**** DATA UNDER STUDY ****

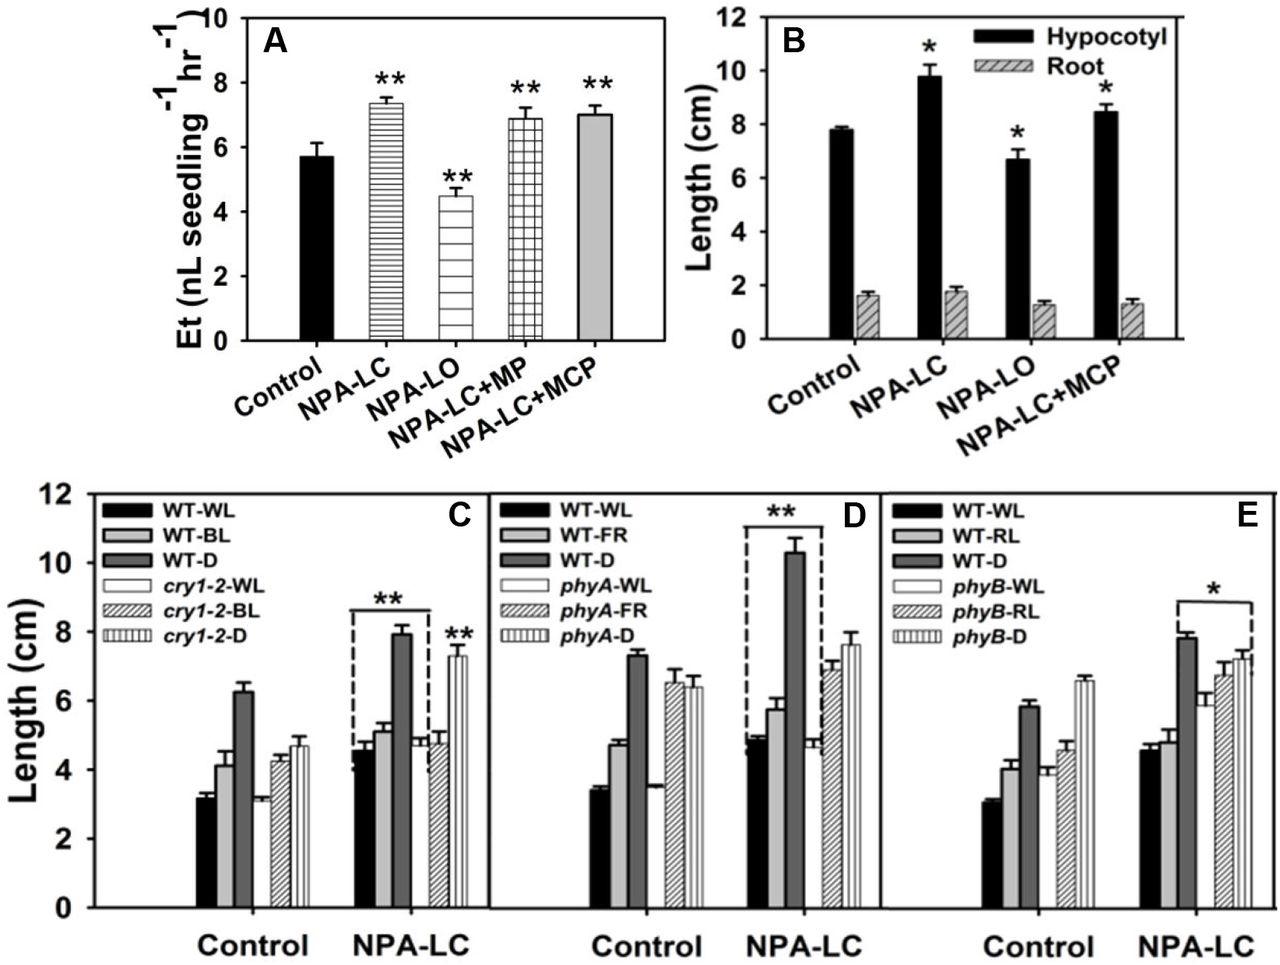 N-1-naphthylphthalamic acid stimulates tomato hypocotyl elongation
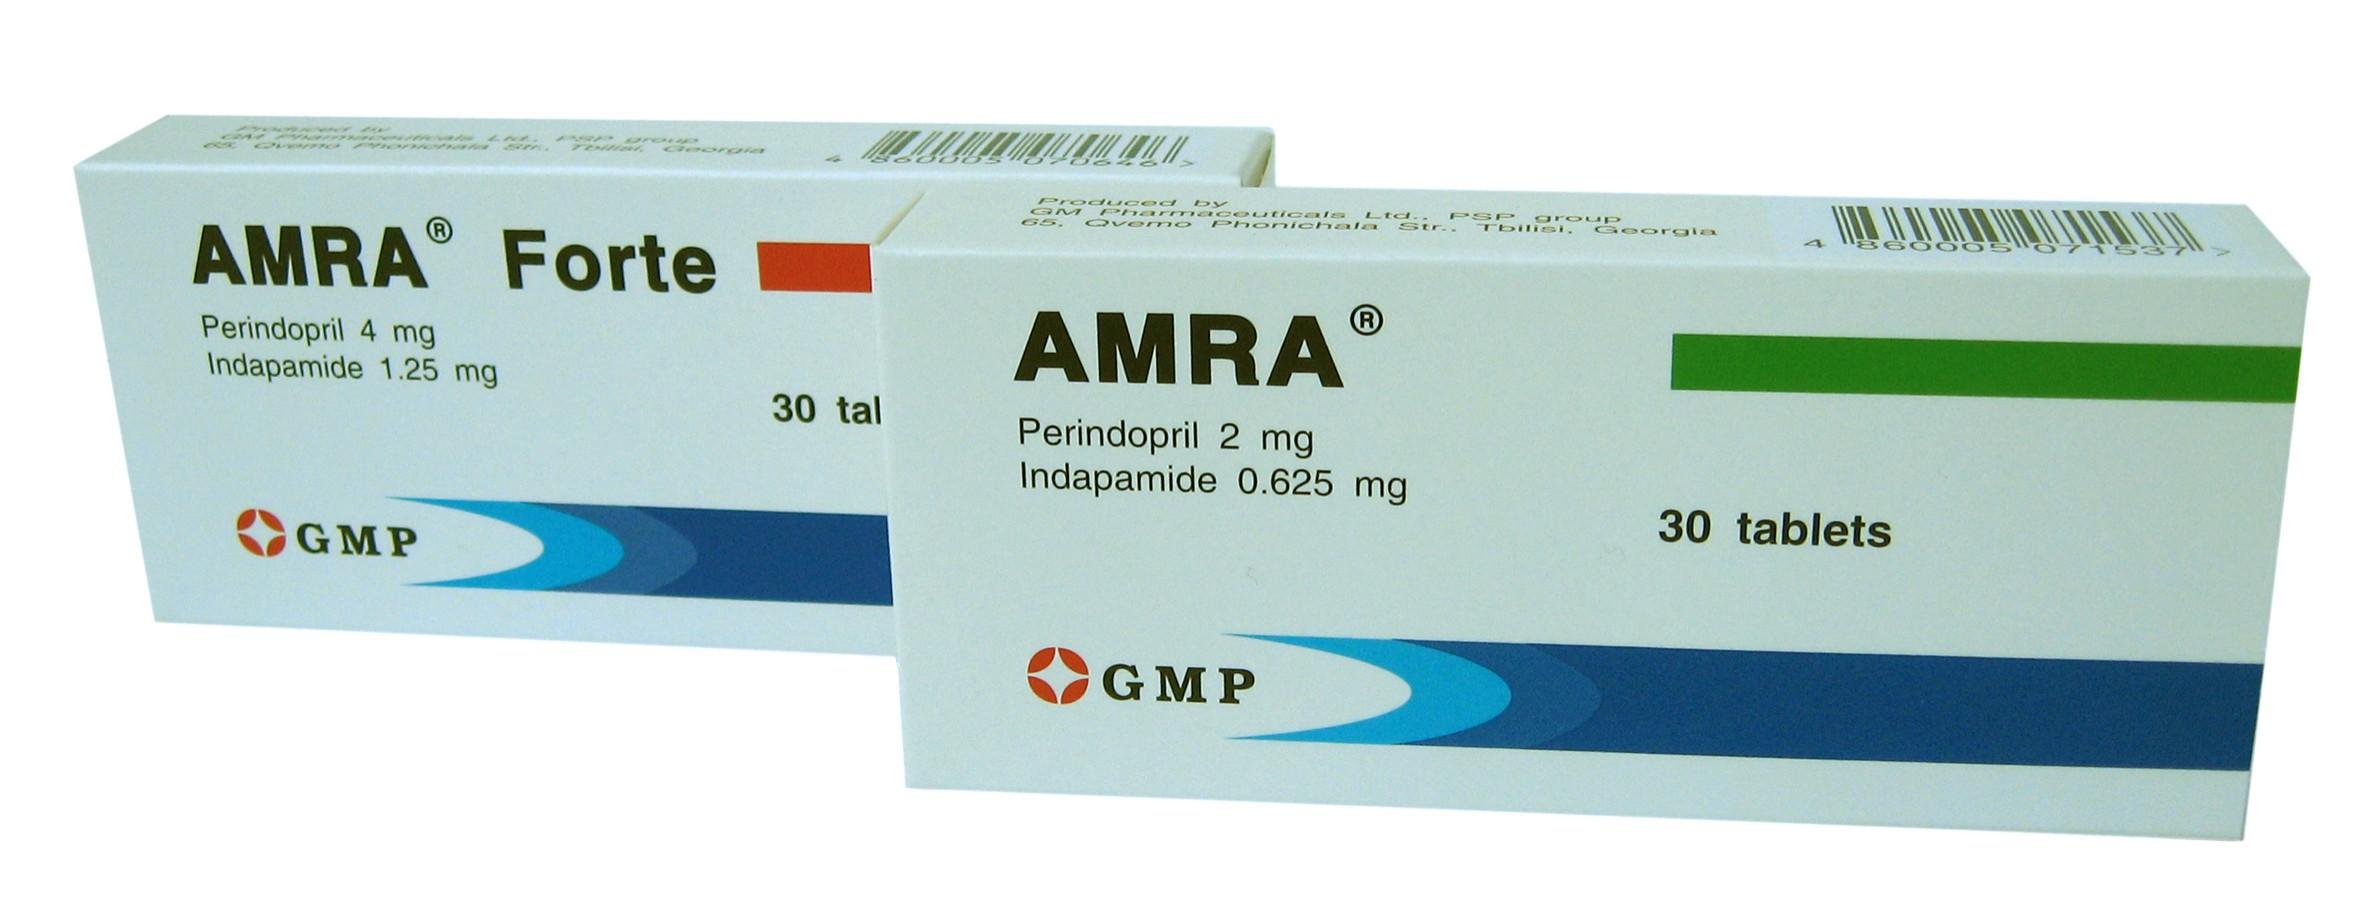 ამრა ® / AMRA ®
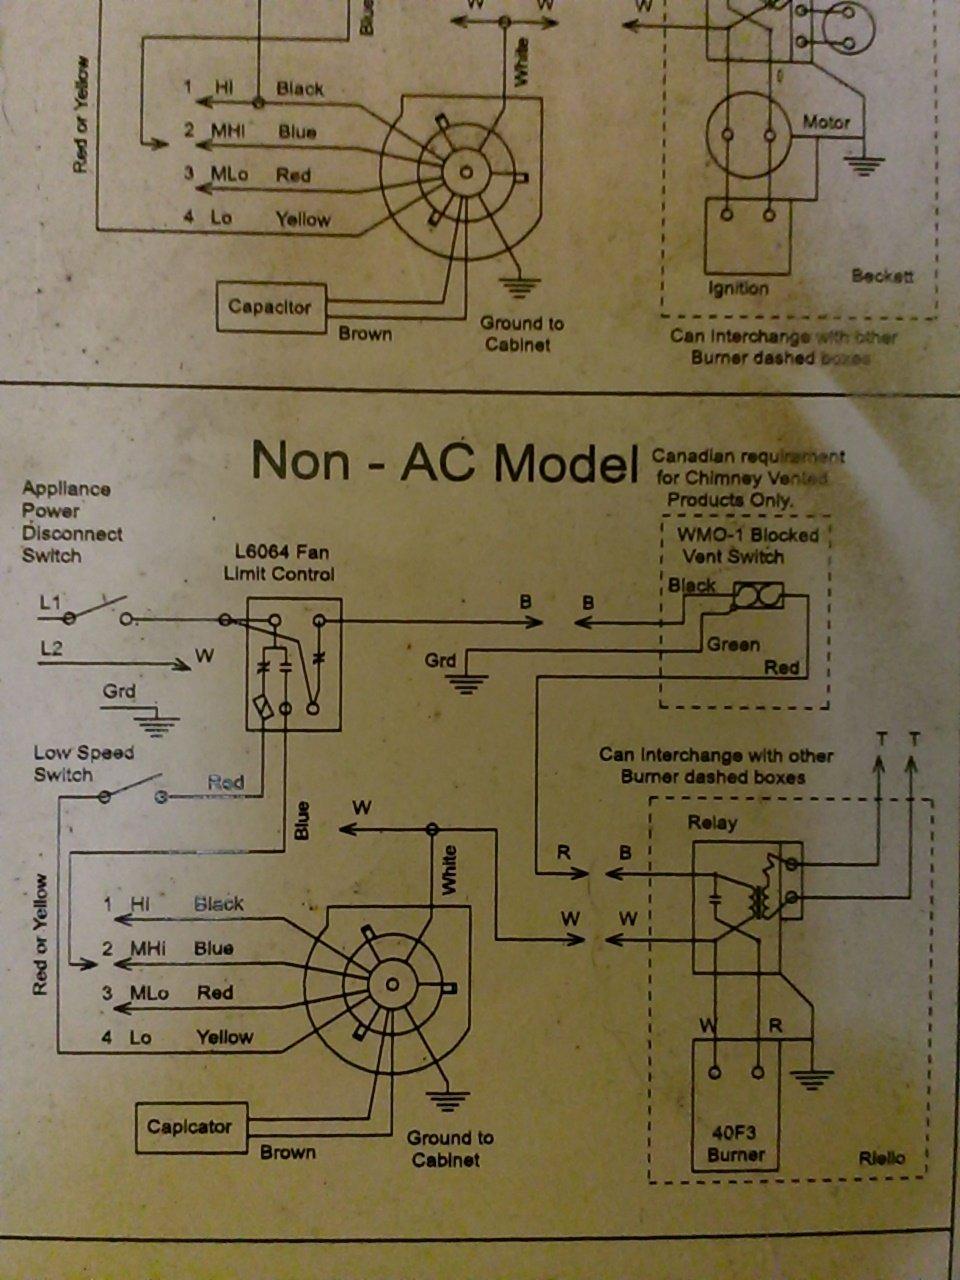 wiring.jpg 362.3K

****
**** DATA UNDER STUDY ****

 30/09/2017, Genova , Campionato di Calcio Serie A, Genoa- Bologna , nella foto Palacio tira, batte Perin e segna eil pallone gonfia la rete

****

## WORK ORDER
Among the entries above, take the line with "N-1-naphthylphthalamic acid stimulates", the line with "wiring.jpg 362.3K", and all the lines between them, and restate them word for word without pictures.

## REPLY TO THE TASK
 N-1-naphthylphthalamic acid stimulates tomato hypocotyl elongation
 ამრა ® / AMRA ®
 wiring.jpg 362.3K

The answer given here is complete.